(Beginning of Records)
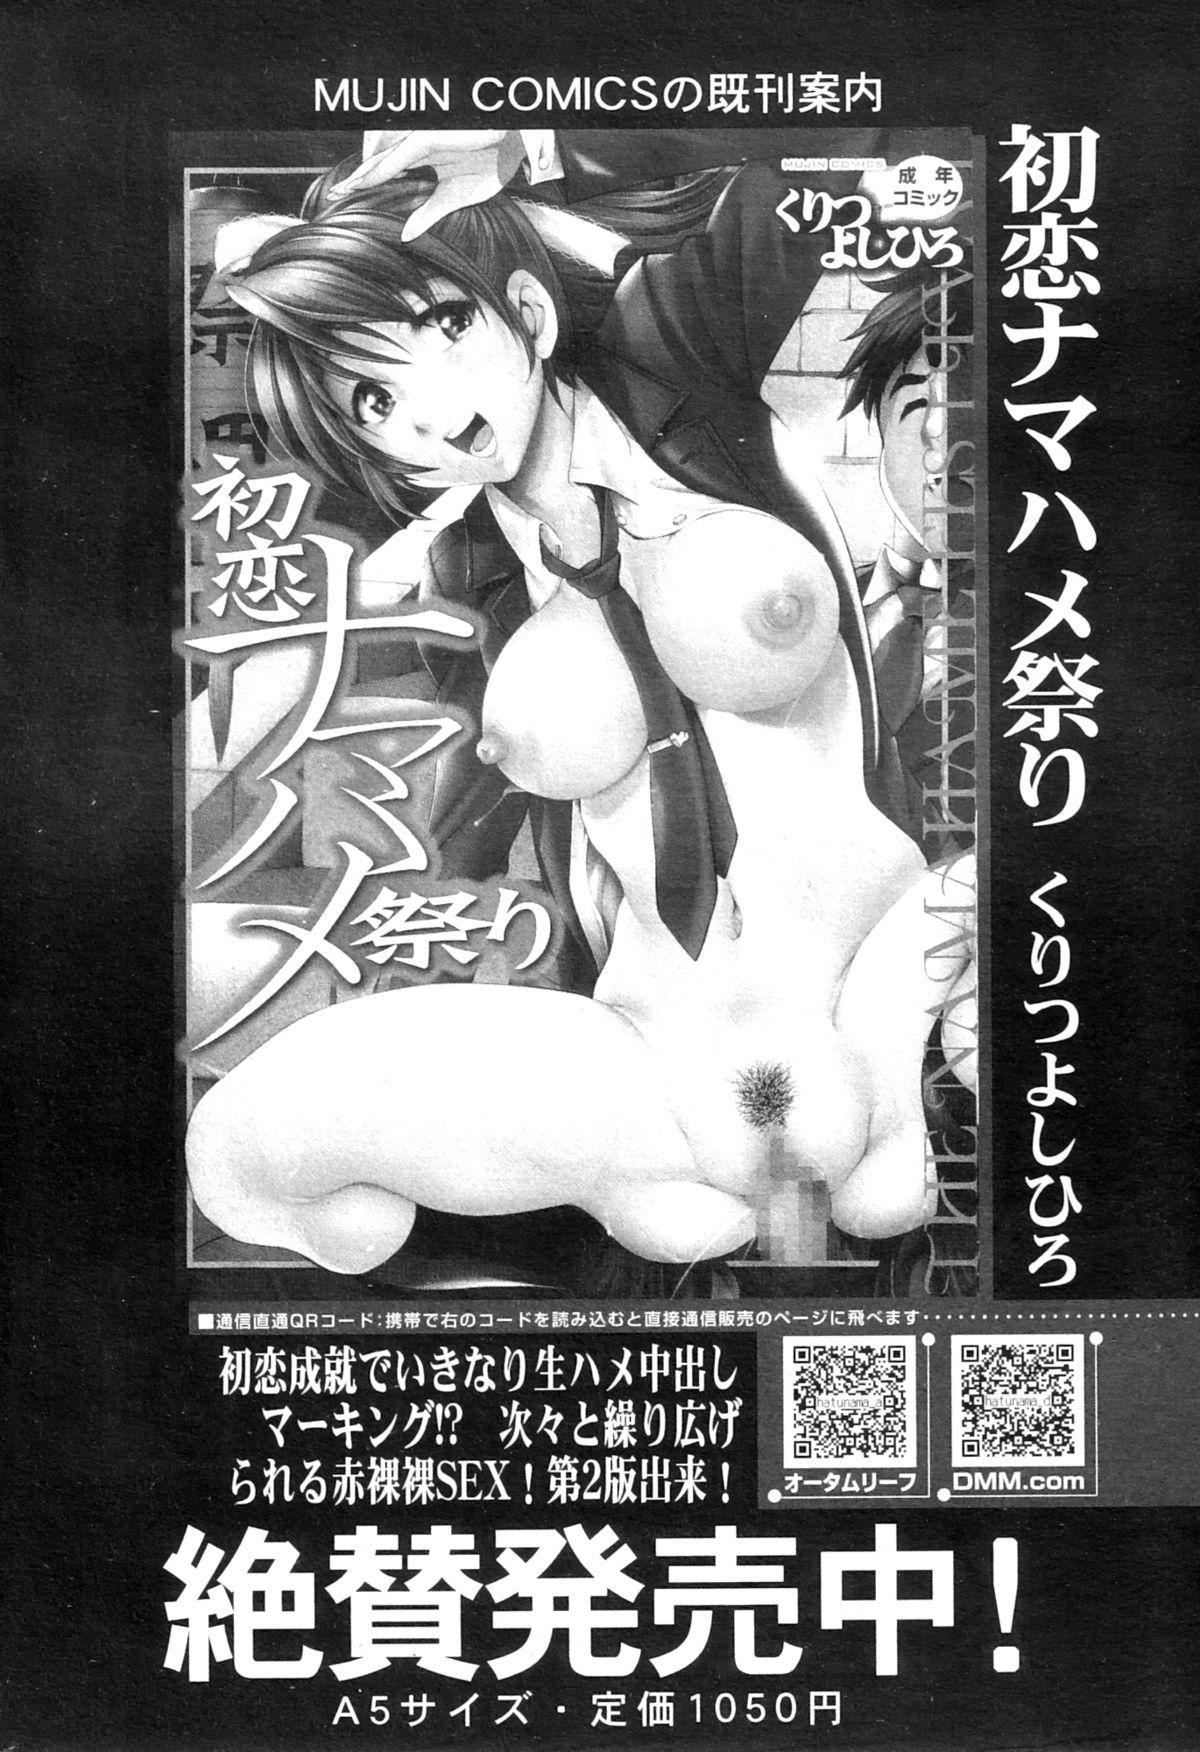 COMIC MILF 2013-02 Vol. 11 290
(End of Records)
(Beginning of Records)
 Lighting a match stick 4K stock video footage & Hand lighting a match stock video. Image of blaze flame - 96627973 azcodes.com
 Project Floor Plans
(End of Records)
In the listing above, locate the line with "Lighting a match stick" and the line with "Project Floor Plans", then extract exactly those lines and every line between them, and nothing more.

Completed exercise.
 Lighting a match stick 4K stock video footage & Hand lighting a match stock video. Image of blaze flame - 96627973 azcodes.com
 Project Floor Plans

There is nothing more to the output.